Democratic leaders on Thursday called on Special Counsel Robert S. Mueller III to testify to Congress, hours before his full report on Russian meddling in the 2016 election will be seen for the first time by lawmakers and the public.

Attorney General William Barr has scheduled a news conference for 9:30 a.m. before the release of Mueller’s report. He released a four-page summary of the report’s key conclusions in March.

Speaker of the House Nancy Pelosi and Senate Minority Leader Chuck Schumer said in a joint statement that Barr’s handling of the report has caused a “crisis of confidence.” Restoring the public’s trust in the integrity of the probe into possible connections between Russia and President Donald Trump’s campaign requires testimony by Mueller as soon as possible, they said.

“Attorney General Barr’s regrettably partisan handling of the Mueller report, including his slanted March 24th summary letter, his irresponsible testimony before Congress last week, and his indefensible plan to spin the report in a press conference later this morning — hours before he allows the public or Congress to see it — have resulted in a crisis of confidence in his independence and impartiality,” the statement reads.

“We believe the only way to begin restoring public trust in the handling of the Special Counsel’s investigation is for Special Counsel Mueller himself to provide public testimony in the House and Senate as soon as possible. The American people deserve to hear the truth.”

Trump continued his assault on the Mueller investigation Thursday morning, calling it “PRESIDENTIAL HARASSMENT!”

House Judiciary Committee Chairman Jerrold Nadler said Wednesday that Barr’s office told him the report would be released at 11 a.m. or noon after his news conference.

Democratic committee leaders in the House called the news conference “inappropriate” and said it seemed designed to shape public perceptions of the investigation before the report is released. They called on Barr to cancel it.

The committee leaders — Nadler, Intelligence Committee Chairman Adam B. Schiff, Oversight Committee Chairman Elijah Cummings, Financial Services Committee Chairwoman Maxine Waters, and Foreign Affairs Committee Chairman Eliot L. Engel — also raised concerns about news reports that the Department of Justice briefed the White House counsel on what to expect in the report as it prepared its rebuttal.

“These new actions by the Attorney General reinforce our concern that he is acting to protect President Trump,” they said.

Nadler called the reports “deeply troubling.”

Over the scope of the investigation by Mueller’s team, convictions or indictments were issued against Trump’s former national security adviser, Michael Flynn, former campaign manager, Paul Manafort, and former personal lawyer Michael Cohen.

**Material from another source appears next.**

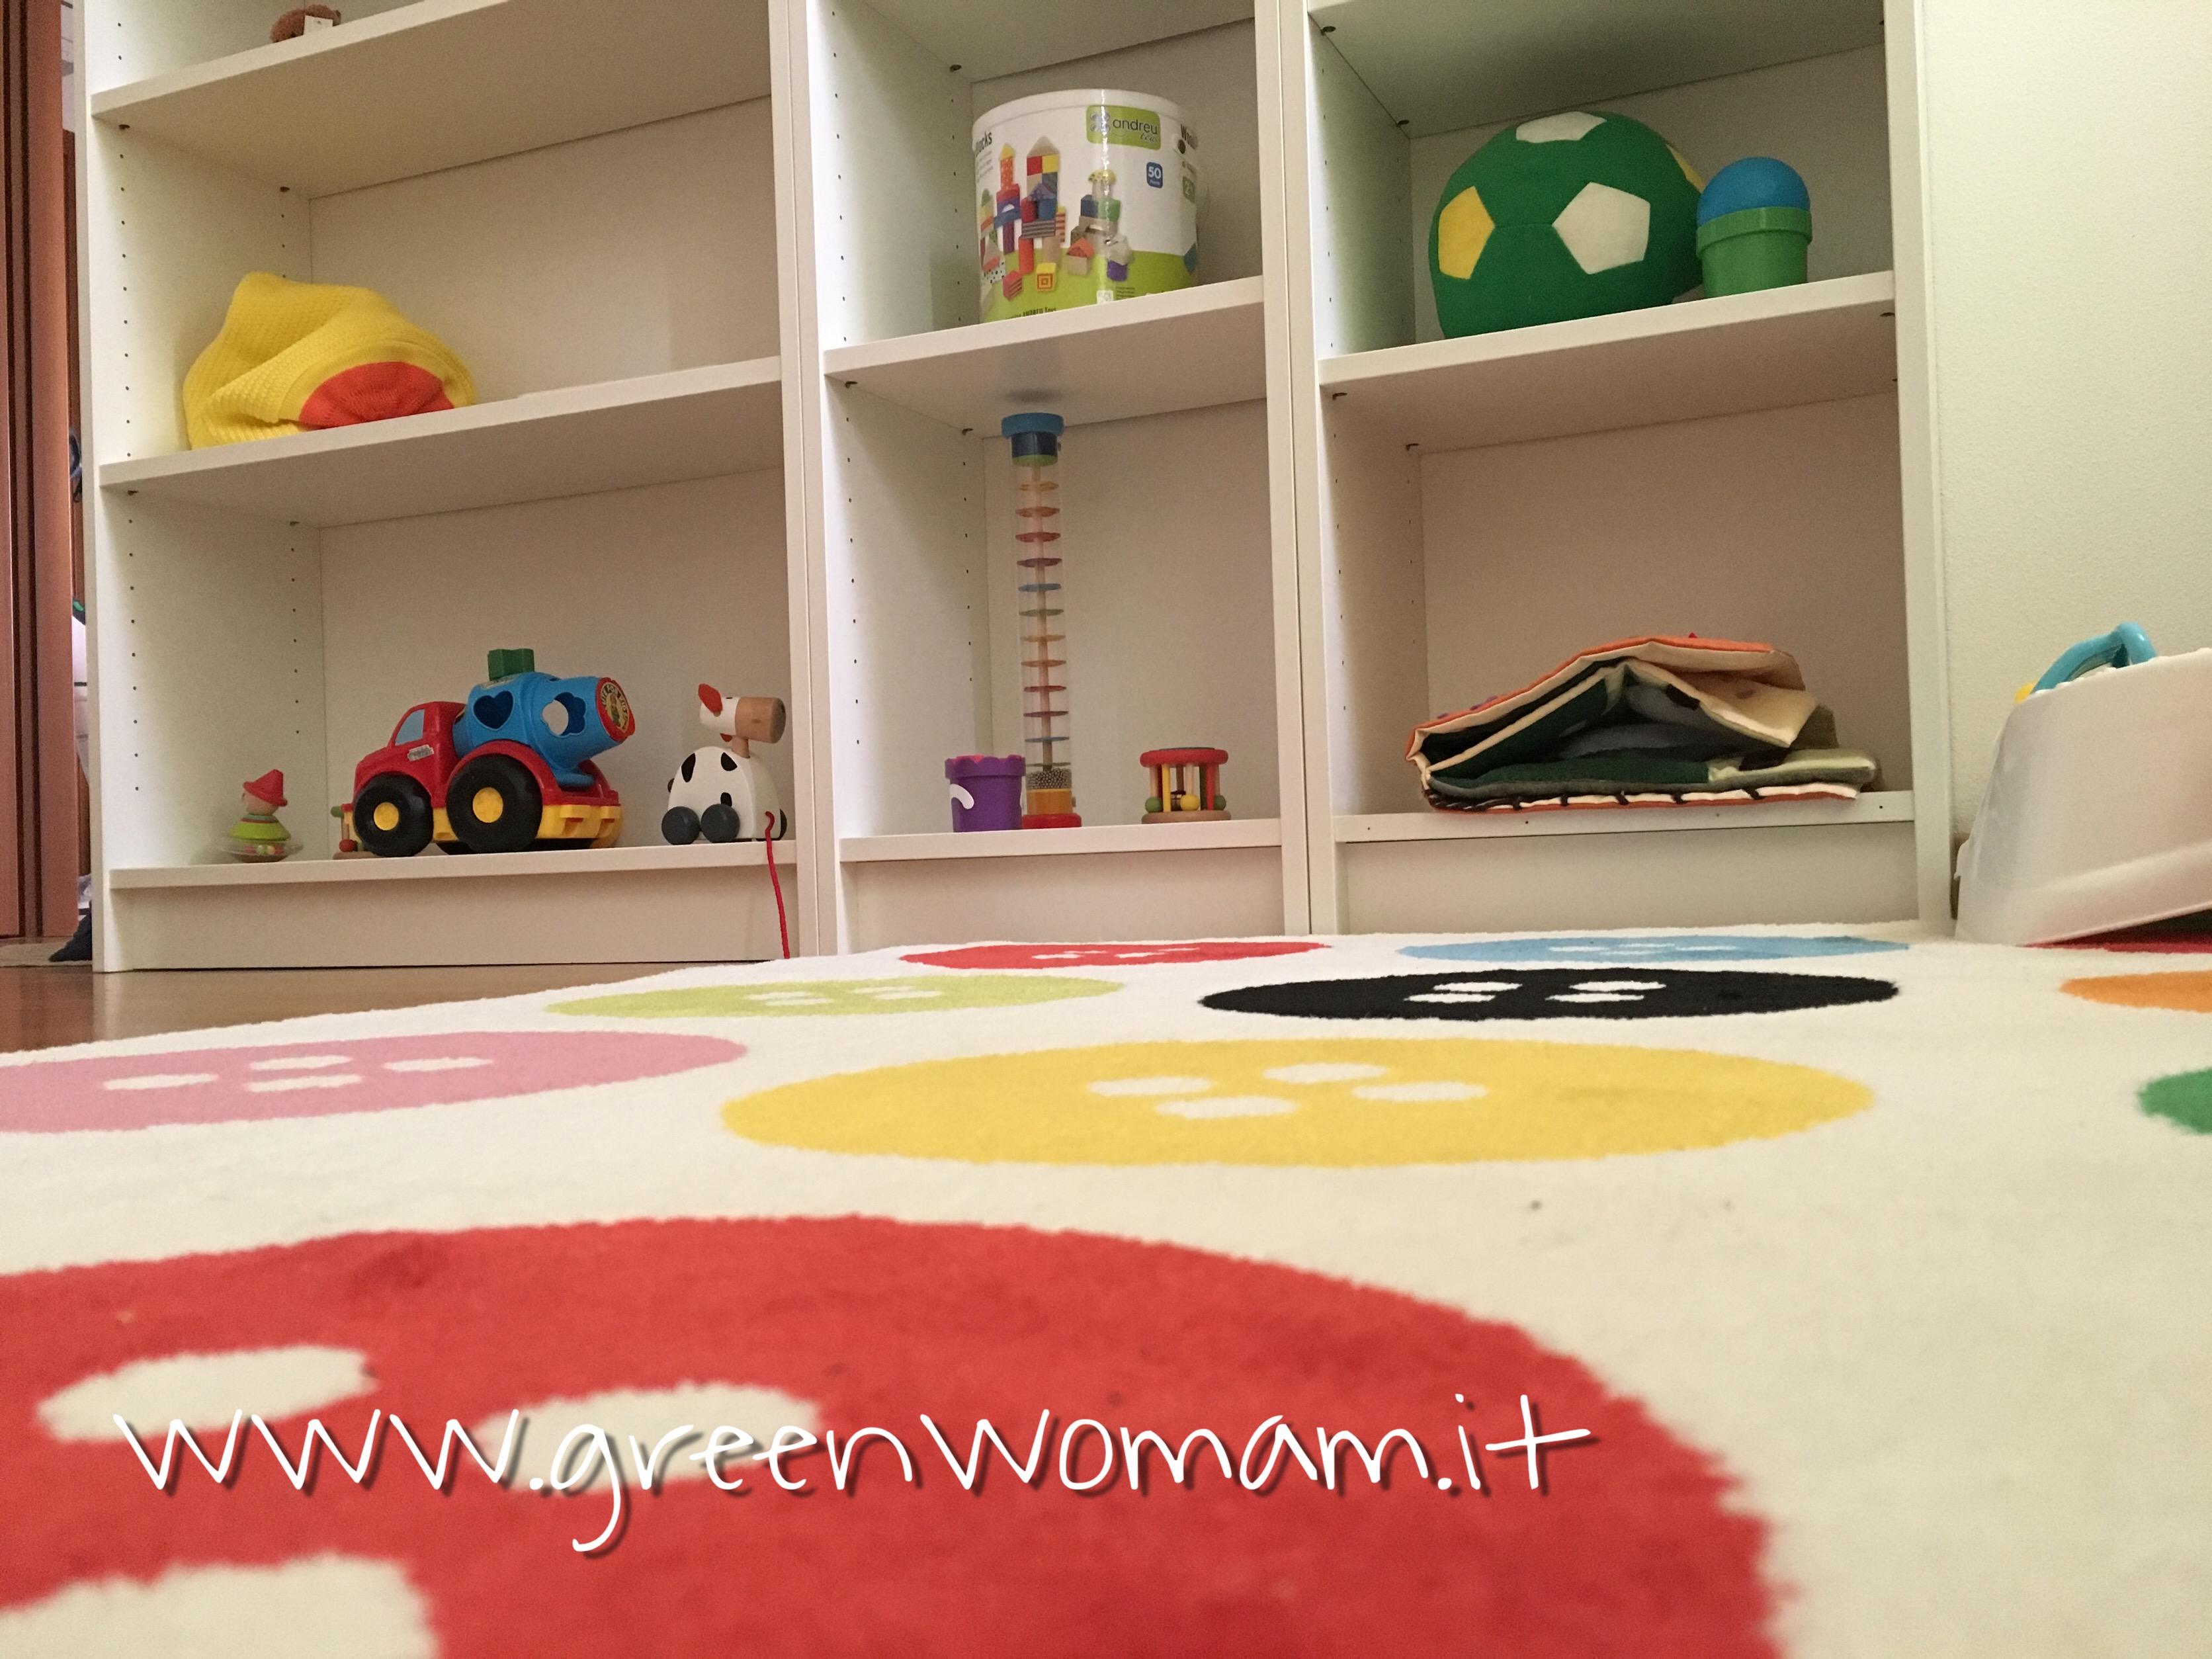 Cameretta Montessori Ikea : La nostra cameretta di ispirazione montessoriana 98% ikea green womam

But Republicans took a victory lap when Barr released a summary of the investigation in March without new indictments being handed down. Democrats have in the intervening weeks cast doubt on the credibility and completeness of Barr’s summary. 

Trump has repeatedly since the release of Barr’s memo that it proves there was no collusion between his campaign and the Russians and that no one in his campaign or White House administration had tried to obstruct Mueller’s investigation.

Barr testified in front of House and Senate committees last week.